Jalan untuk menggapai mimpi tidaklah selalu mulus. Seringkali kita menemui kegagalan yang bisa membuat kita patah semangat untuk menggapai mimpi. Faktor internal dan eksternal yang menjadi biang di balik kegagalan itu. Malas, takut, tidak beruntung, bencana alam, ataupun faktor x lainnya adalah contoh kecil yang bisa menunjukkan bahwa untuk menggapai sesuatu yang kita harapkan tidaklah mudah. Tapi yang perlu kita ingat adalah kegagalan bukan untuk ditangisi karena kegagalan adalah harga yang harus dibayar untuk kesuksesan yang ingin kita dapatkan.

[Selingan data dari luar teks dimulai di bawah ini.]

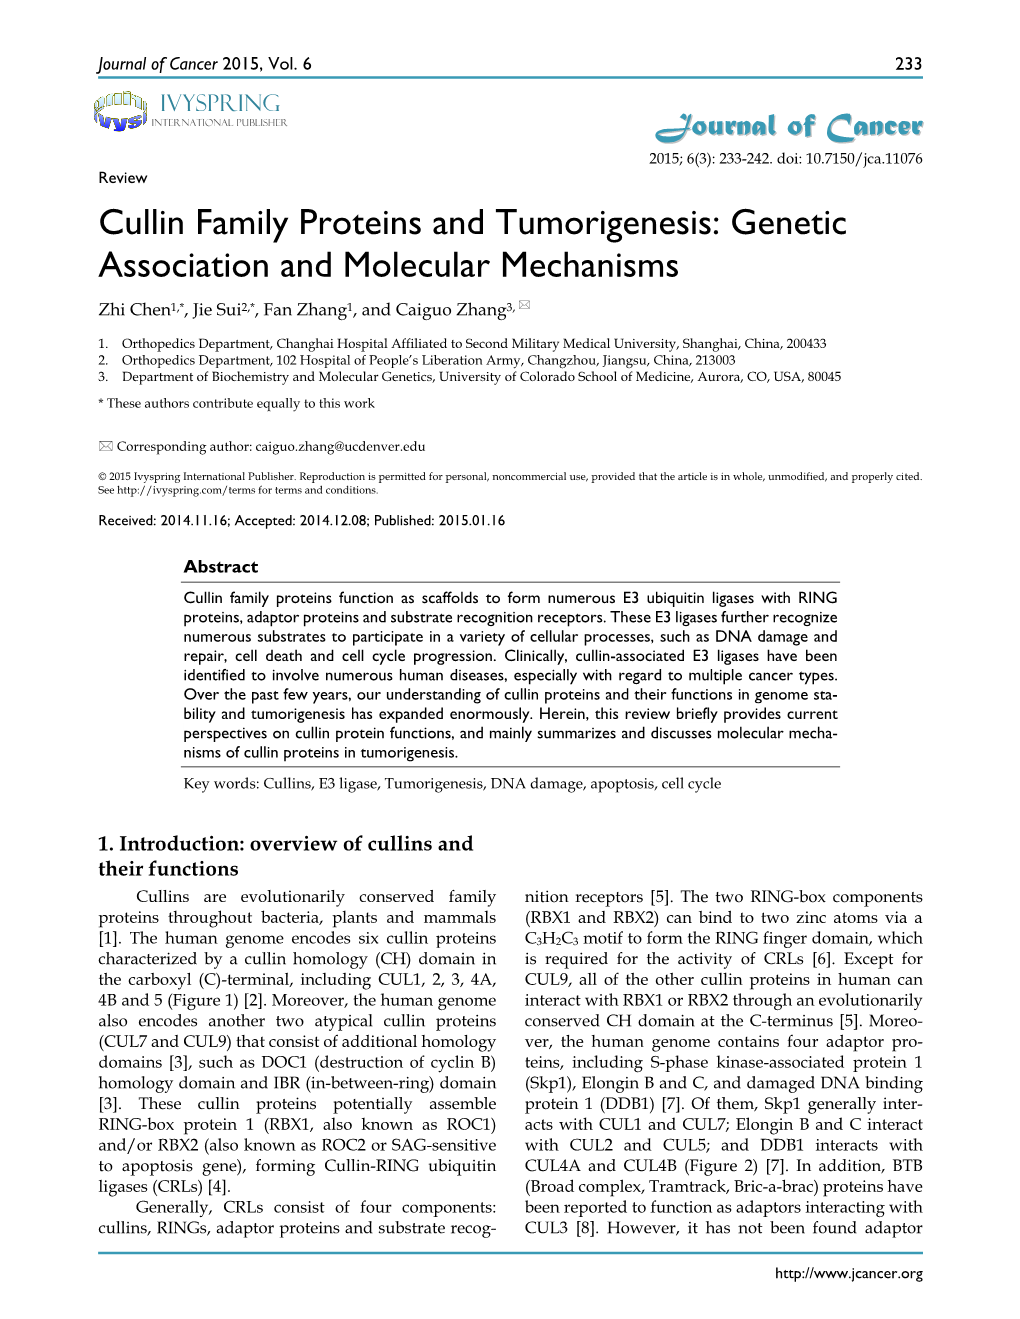 Cullin Family Proteins and Tumorigenesis: Genetic Association and Molecular Mechanisms Zhi Chen1,*, Jie Sui2,*, Fan Zhang1, and Caiguo Zhang3, 

Jadi tidak ada alasan untuk tidak bermimpi. Bermimpilah! Karena mimpi akan membentuk sebuah sikap yang optimis dan memotivasi diri mewujudkan apa yang kita impikan. Dan seperti kata Arai dalam Sang Pemimpi, “Orang macem kite nih harus bisa bermimpi, kalo tak bermimpi kite kan mati”.

21:02, 22.12.2009
assa.
tambahan tu, yg penting bukan seberapa besar mimpi kita, tapi seberapa besar kita untuk mimpi kita tersebut..
wass.
22:38, 22.12.2009
@riecong, quote itu juga udah gw tulis ko. Ada di kalimat terakhir paragraf ke-2
20:10, 29.12.2009
Yapz…Mimpi Itu seperti doa yang senantiasa didengarkan oleh Allah.. Aku setuju bgt sm “riecong n kutipan di film sang pemimpi”.. Usaha+doa+restu orang tua itu yang penting buat menggapai mimpi.
Oya…ttg mimpi kakak yang pertama, aku juga punya kutipan kata2 bijak dr buku yg penah aku baca, kalo ga salah isinya kyk gini “if u would not be 4gotten as soon as u are dead, write things worth reading, or do things worth writing”
Ya..semoga ilmu, pengalaman hidup, dsb bisa dtuangkan dalam sebuah buku agar kita bisa diingat oleh orang2 di dunia selama kita masih hidup dan trus diingat sampai akhir hayat..
Dua Kata buat Kaka ” Semangat dan Lanjutkan!!”